It’s not perfect, but what a breath of fucking fresh air this episode is. After slogging through so much of selfish asshole Homer as of late, seeing him actually risk life and limb, literally, for the happiness of his son is so heartening to see. This is the Homer we love, trying to do what’s best for his family in the most asinine way possible. Even in the climax when he goes up against Professor Frink’s mechanical killing machine, he’s completely brazen, and stupid, all for Bart’s sake. The scene where Homer is exposed and Bart expresses such enthusiasm over his father’s actions is really sweet and feels completely earned (“Any poindexter can throw some nuts and bolts together. You risked your own life, even though you’re a sole provider for a family of five!”) On top of the emotional core, the episode also has a lot of laughs, be it in parodying the fighting robot shows popular at the time (“Can robots feel pain? If so, we are horrible, horrible people!”) and in regards to Homer’s plights, like using a magnet to extract all of the shards of metal from his body.

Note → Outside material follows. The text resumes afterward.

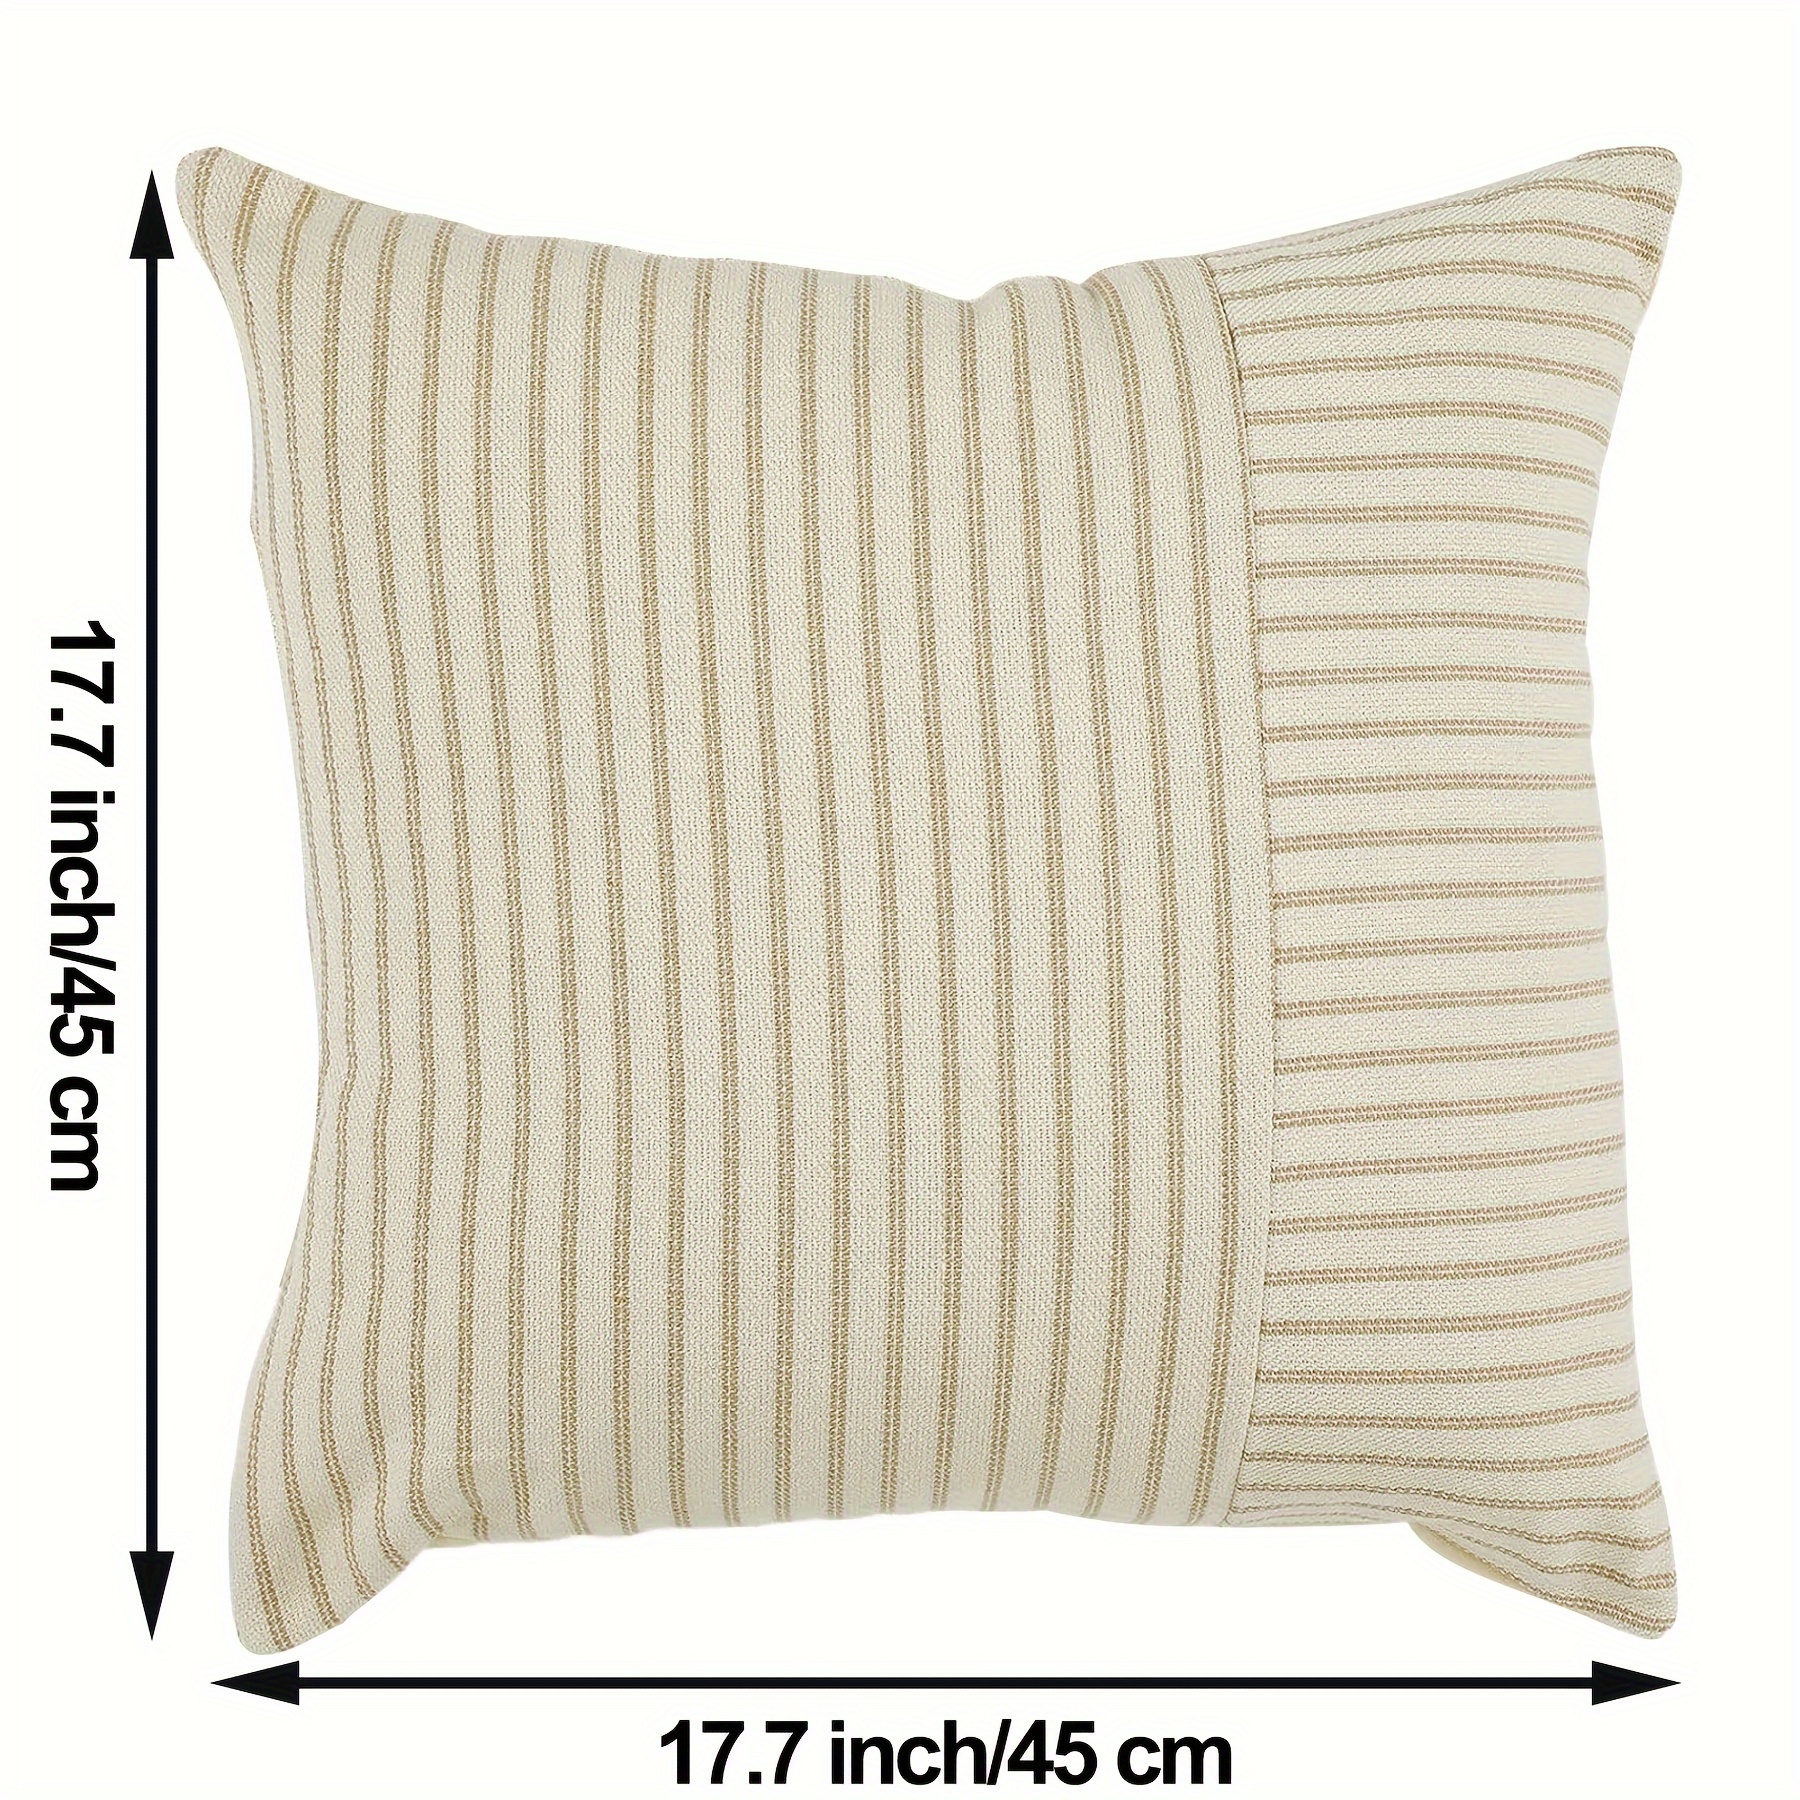 Indoor/Outdoor Square Pillow Insert 18 x 18

The B-story… oh dear, the B-story… Snowball II is struck and killed by a car in act one. Now, the cat may not have been a prominent character, but she dates back to the first episode, and to see her bumped off in a storyline callously relegated to a B-plot doesn’t feel right. But the premise is that Lisa buys another cat, who swiftly deies, then another, and another, all dead. For an eight-year-old girl, this would be absolutely traumatizing. It’s played off for laughs, but it just feels so saddening and wrong for a sweet girl like Lisa to go through so much anguish. It couldn’t clash more tonally with the main story. Our resolution is just a final kick in the teeth: coming across one last cat that actually evades danger rather than get killed, Lisa dubs her Snowball V, but to make things convenient, decides to call her Snowball II and forget anything ever happened. Totally makes sense for a little kid to do. Come on, guys, I know you think you’re being clever by being meta, but it just doesn’t work here. But despite the B-plot, this one’s definitely a gem buried amidst a pile of shit.

Tidbits and Quotes
– The opening bit of Milhouse rushing to the Simpson house is fantastic, a shockingly great piece of animation, with more life in it than I’d seen on the show for many seasons. Sure enough I see Lauren MacMullen’s name pop up as director. It seems that every time I notice the show is looking exceptional visually, it’s a show she did. She only has two more episodes left, unfortunately. They would have been wise to keep her around.
– The Domino’s shot, Flanders actually swearing, the bullies taunts actually feeling legitimate and not jokey, Hibbert’s Kool & the Gang air freshener (“Celebration’s over, boys,”) Homer being a bonehead (“A ten-speed bike? What did your mother say?” “She said yes.” “I said no!” “I’m confused, which is it?!”) I was completely stunned at how much was working in the first act, and continued to work through the entirety of the show. If not for that goddamn B-plot, this one would be top of the heap of latter-day episodes. Not even the spring-loaded first aid kit could sully my mood out of act one.
– There’s something endearing about Homer riding around on a tricycle inside that suit making robot noises. It’s so shocking that in basically every episode now I either hate Homer or am bewildered by him, but here, for once not only am I on his side but I’m enthralled by him and his efforts.
– Nice banter between the “Robot Rumble” hosts (“He’s killing him softly with his saw!” “Killing him softly?” “With his saw!”)
– One of the only things I hate about the main story is the montage sequence where we see Homer’s other competitors: Reverend Lovejoy and Jessica, and Chief Wiggum and Ralph. The former I don’t buy condoning this type of show, and I don’t see either of them having the technical know-how to build a functional robot, especially the latter. Why not have it be random families like the first match? The end does bring back Frink’s son though, apparently not killed after the incident way back in “Brother, Can You Spare Two Dimes?” I like that he doesn’t speak a word, he just mimics his father’s look and movements, like he’s some kind of clone or something.
– I don’t even want to talk about the B-plot anymore. Not even the mention of Armin Tamzarian. I will say that I definitely wouldn’t trust any cat given to me by the Crazy Cat Lady. The myriad of diseases it must carry…
– I love the animation of Homer squeezing out of the robot frame like a tube of toothpaste, and the twist that Frink programmed the robot to abide by Asimov’s rules to never harm humans. So Homer is declared the winner by default (“Show me where in the rule book it says a human can’t be a robot!” “Right here. Rule one.”)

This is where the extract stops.